Wilbert was never focused on school, having been forced to attend Tyler Junior College after his career at Bryan High School. A&M coach Tony Barone later signed Wilbert, and the 6-6 post man went on to dominate the Southwest Conference, leading the Aggies in scoring in 1994-95 with a 22.9 average.

And after his playing days at A&M were over and he went undrafted by the NBA, Wilbert headed overseas to play ball in France. He was not happy in a foreign land, so he decided to return home to Bryan.

He gave school another try, hoping to finish the final 18 hours of his sociology degree plan. That didn't work out, either, as Wilbert didn't have the urge to walk across the campus for an 8 o'clock at the Blocker Building.
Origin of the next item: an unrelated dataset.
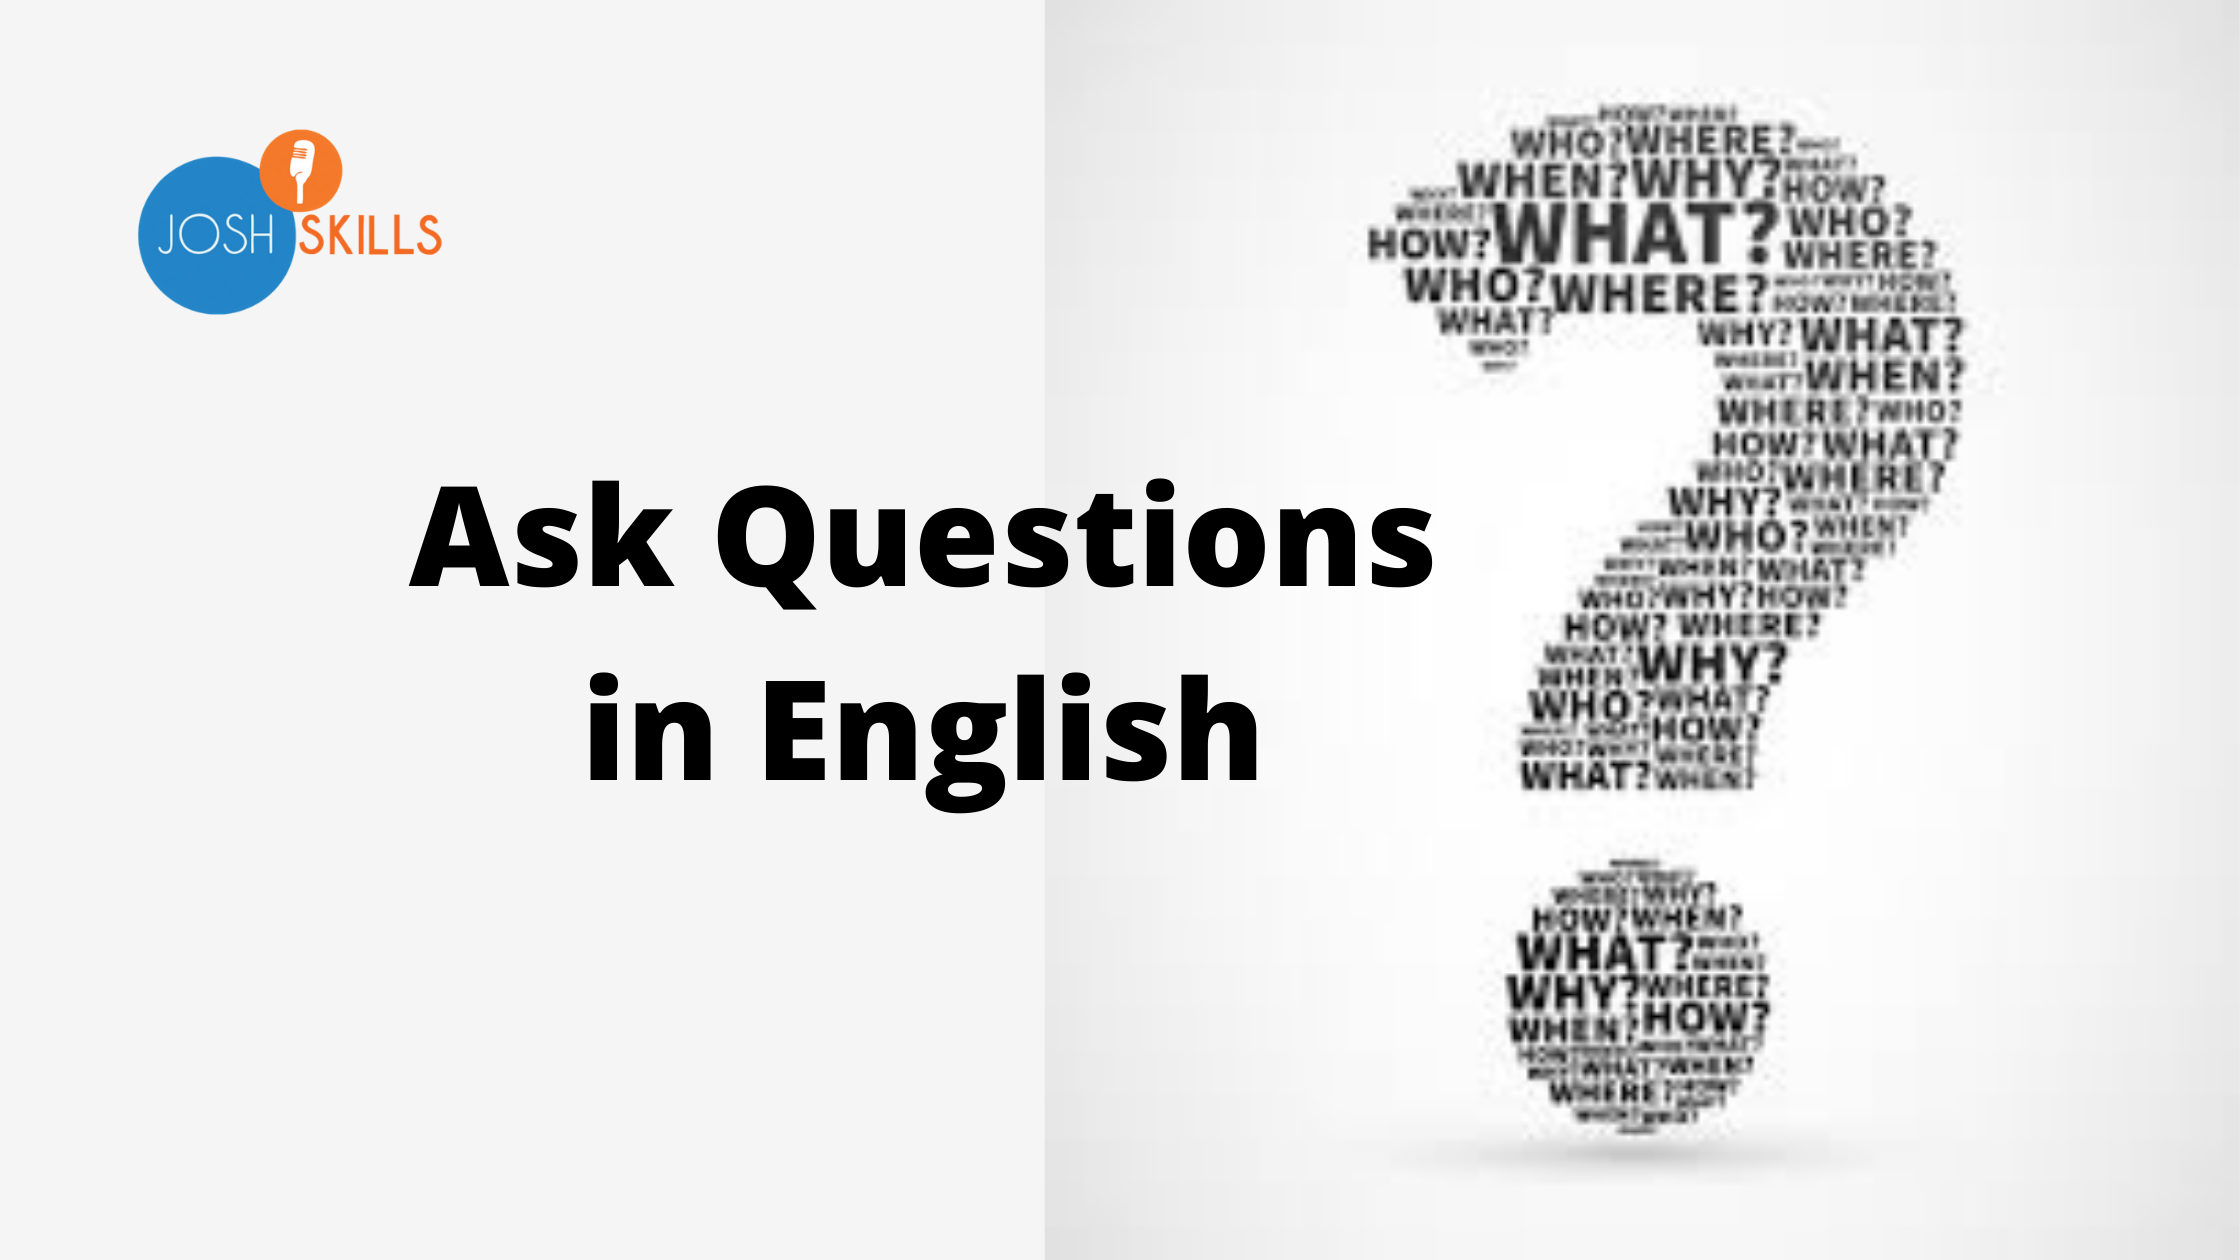 English mai Questions Kaise Puche: A Guide to Ask Questions in English -  Josh कोश

Wilbert withdrew from school, and he seemed headed down the unfortunate path so many athletes take: Pay me now, and I'll pay for the lack of a degree later.
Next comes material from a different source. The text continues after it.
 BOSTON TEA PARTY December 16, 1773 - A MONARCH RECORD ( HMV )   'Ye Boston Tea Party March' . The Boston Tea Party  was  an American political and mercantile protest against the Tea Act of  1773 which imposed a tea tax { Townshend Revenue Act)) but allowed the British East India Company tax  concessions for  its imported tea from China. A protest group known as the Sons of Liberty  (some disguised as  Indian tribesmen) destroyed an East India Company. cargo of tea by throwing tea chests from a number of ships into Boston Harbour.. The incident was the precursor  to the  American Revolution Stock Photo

"I didn't have the motivation to go to school," Wilbert said. "I was making more money than I could dream of. Then I started feeling guilty, going around to schools telling the kids to stay in school."
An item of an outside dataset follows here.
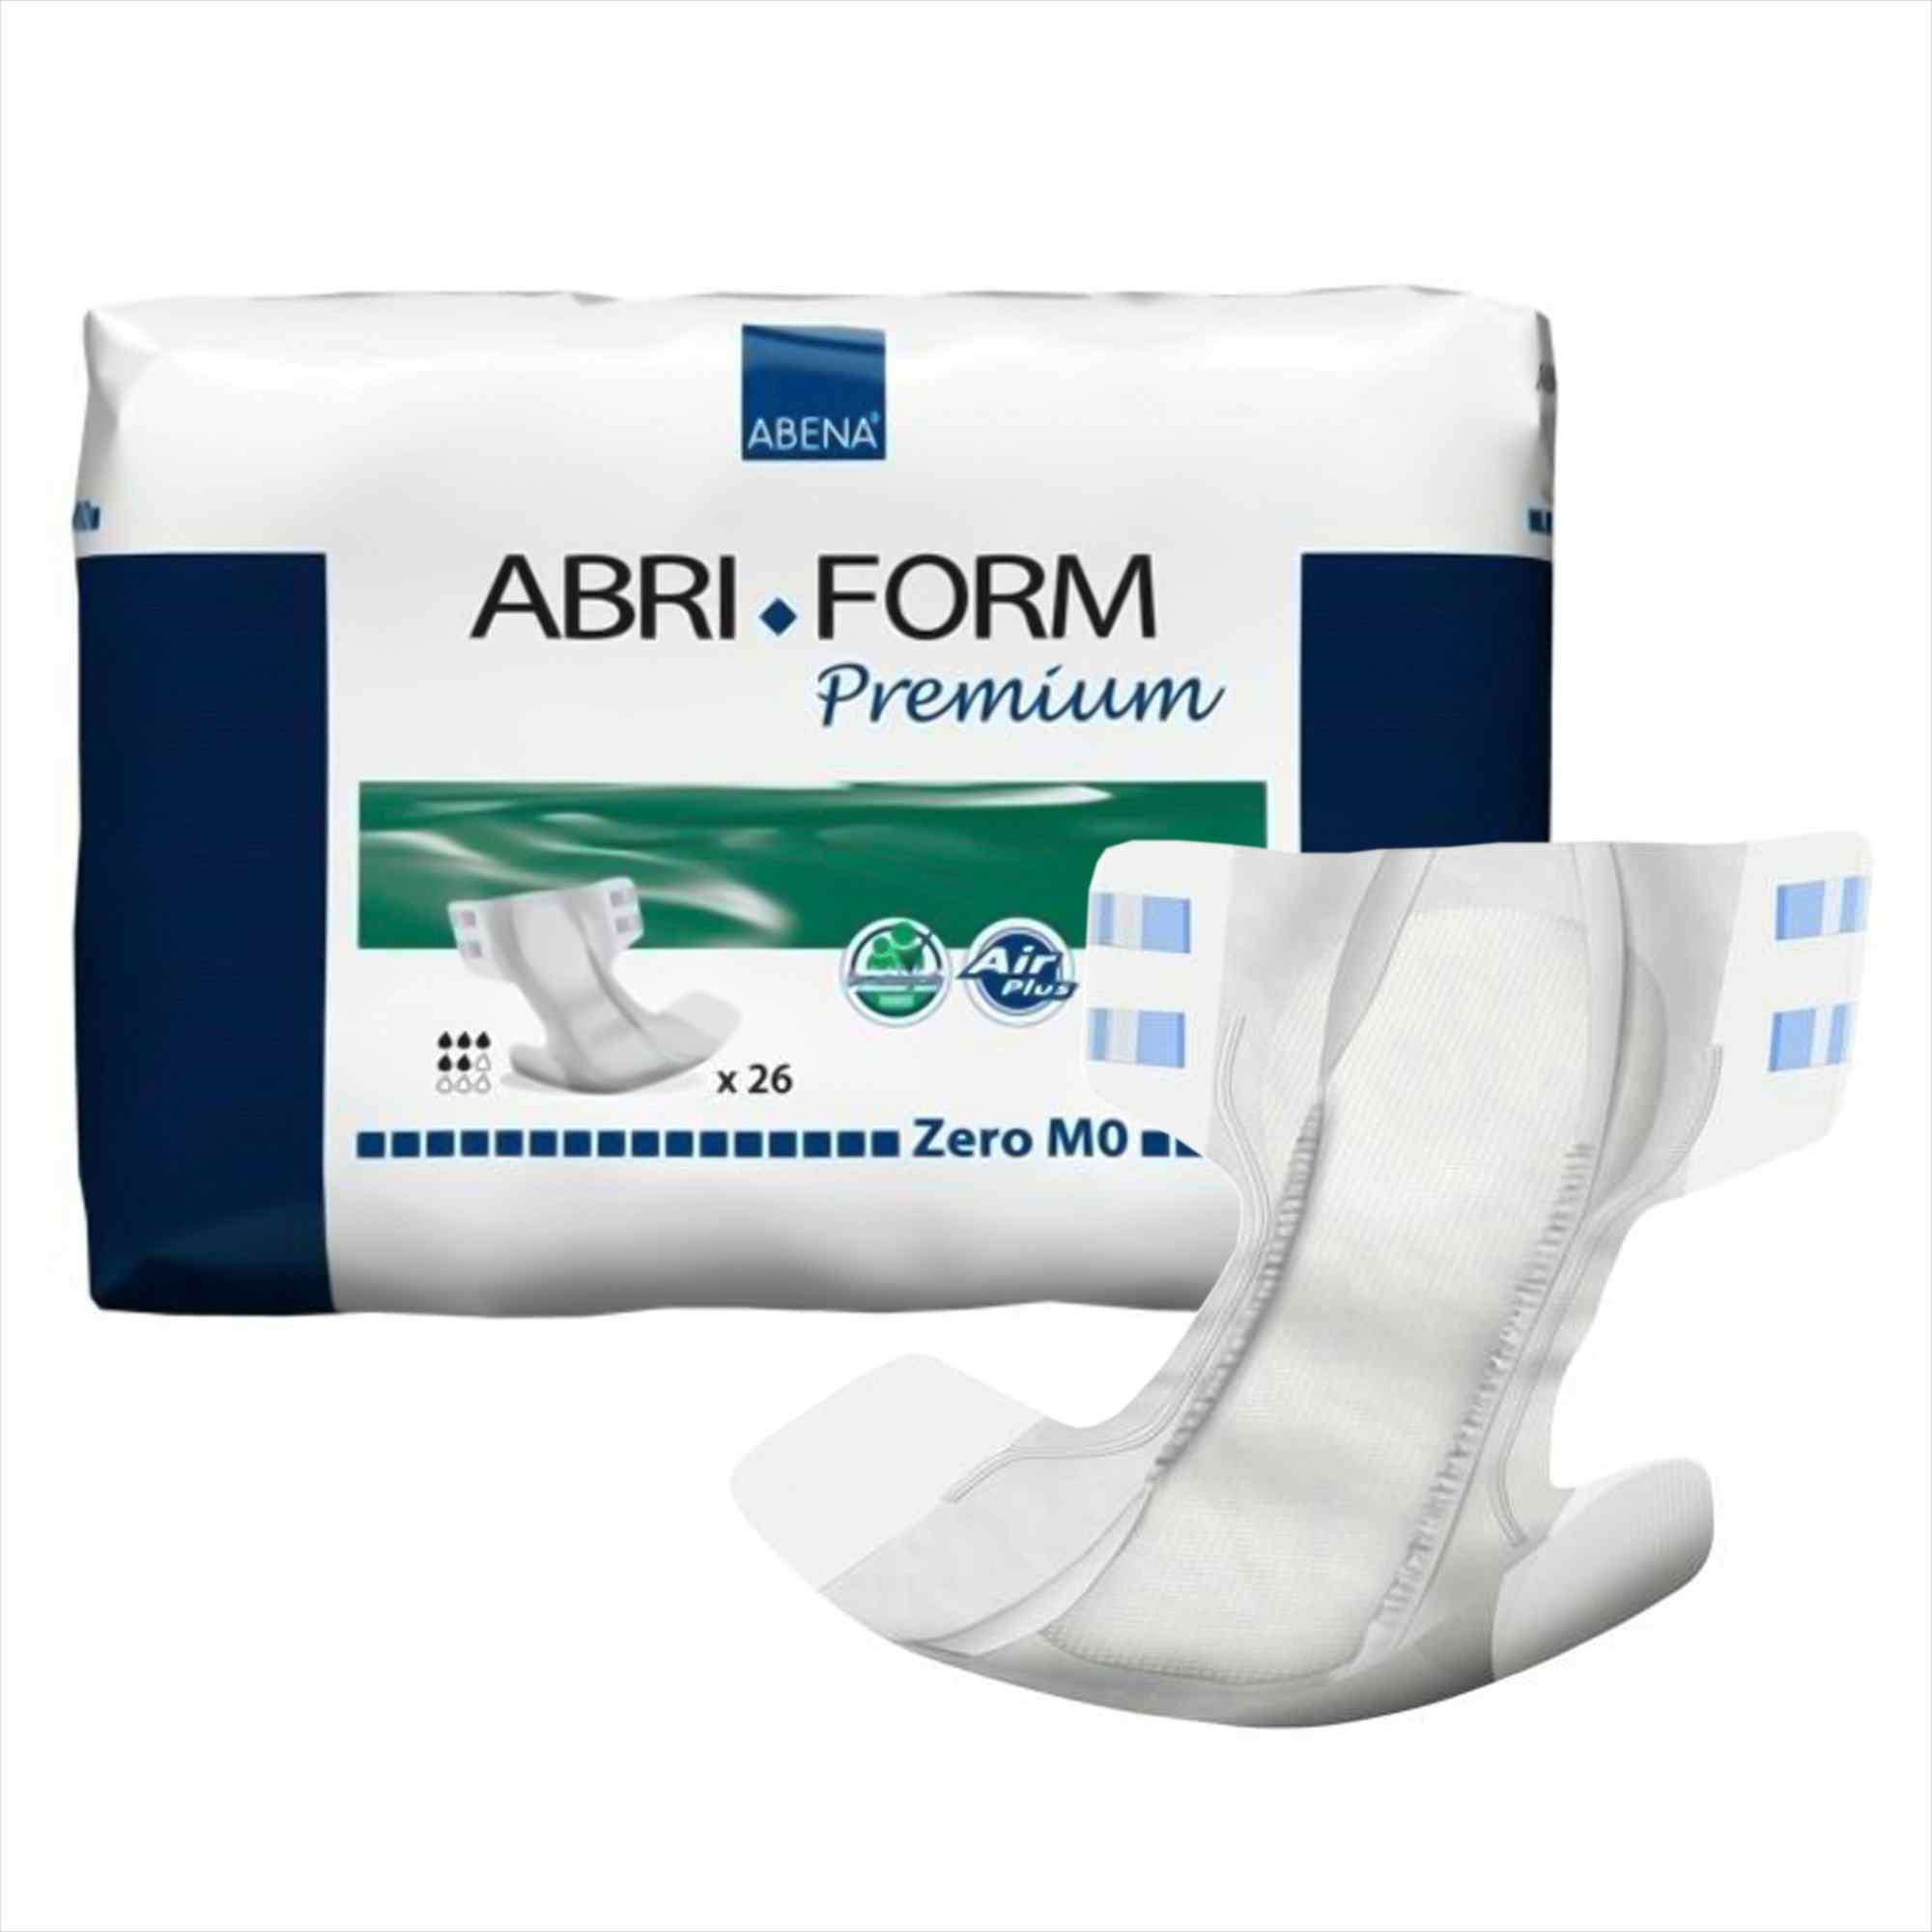 Abri-Form Premium M0 Unisex Adult Disposable Diaper with tabs, Moderate Absorbency, 43049, Medium (28-44") - Bag of 26

But Barone kept pestering Wilbert to finish what he had started at A&M. And Wilbert's guilt kept growing, to the point where he said he had endured enough.

"No. 1, I went back for my parents and family," said Wilbert, one of the more popular players in recent A&M history. "And I don't want to be remembered as just a great athlete, but that I took care of business on and off the court. You can close the book at A&M with me."

And to think Wilbert didn't really want to open one to begin with. Yet, he has become a classic example of how athletes can make it in the A&M academic system, no matter how tough it is.

After enrolling at A&M in the fall of 1996 and taking six hours, Wilbert returned to Europe to play basketball in the spring, signing with Luxembourg, a country the size of Brazos County.

There he became the star of the country, earning the nickname of "Jumpin' Joe." He averaged 30 points and 12 rebounds and became the team's highest-paid player, earning $3,000 a month plus bonuses.

Wilbert, 24, hopes to play six more years and then return to the United States to put his degree to work. At least he can join his new wife, Shanae Ford, a former A&M women's basketball player and current nursing student at the University of Texas-Arlington.

But before Wilbert left for Luxembourg this summer, he was spotted in Cain Hall. You couldn't miss the smile or mistake the engaging voice.

It was just two days before he would make The Walk, having returned to A&M in June to complete his final 12 hours.

"I never thought I'd walk that stage again," he said. "I walked that stage back in 1991 for Bryan High. But all that work I did at A&M, it was worth it when they called my name."

When Wilbert strolled toward the sheepskin, the G. Rollie White crowd erupted. President Ray Bowen congratulated him and members of A&M's Board of Regents stood with high esteem.

"When I walked across that stage, I did it for everybody - Bryan, the kids of Bryan, A&M and Coach Barone," Wilbert added. A lot of people were involved in me graduating."

None were as involved as Barone, who has had to defend his team's win-loss record, but not the program's graduation rate. And while Wilbert brought Barone some success for his basketball program, the idea that "Big Money" had graduated seemed to bring Barone much more.

Barone made sure to call from Chicago to offer his congratulations when Wilbert finally finished his schooling.

"I know for Coach Barone, that meant a lot to him," Wilbert said. "He stayed on me. People don't really know what kind of coach Coach Barone is."

Wilbert continues to perform as "Jumpin' Joe" for foreign basketball fans, and he does so without any reservations. He knows if the basketball deflates tomorrow, it will signal the start of his real career, wherever his sociology degree will take him.

And if he could give the graduation address at Reed Arena in May or sit down with rising star Jerald Brown in the back of the locker room, his message would sound the same.

"I really can't tell a guy not to go for the money," Wilbert said. "But I can tell him to please go back and get your degree. If I can do it, anybody can do it."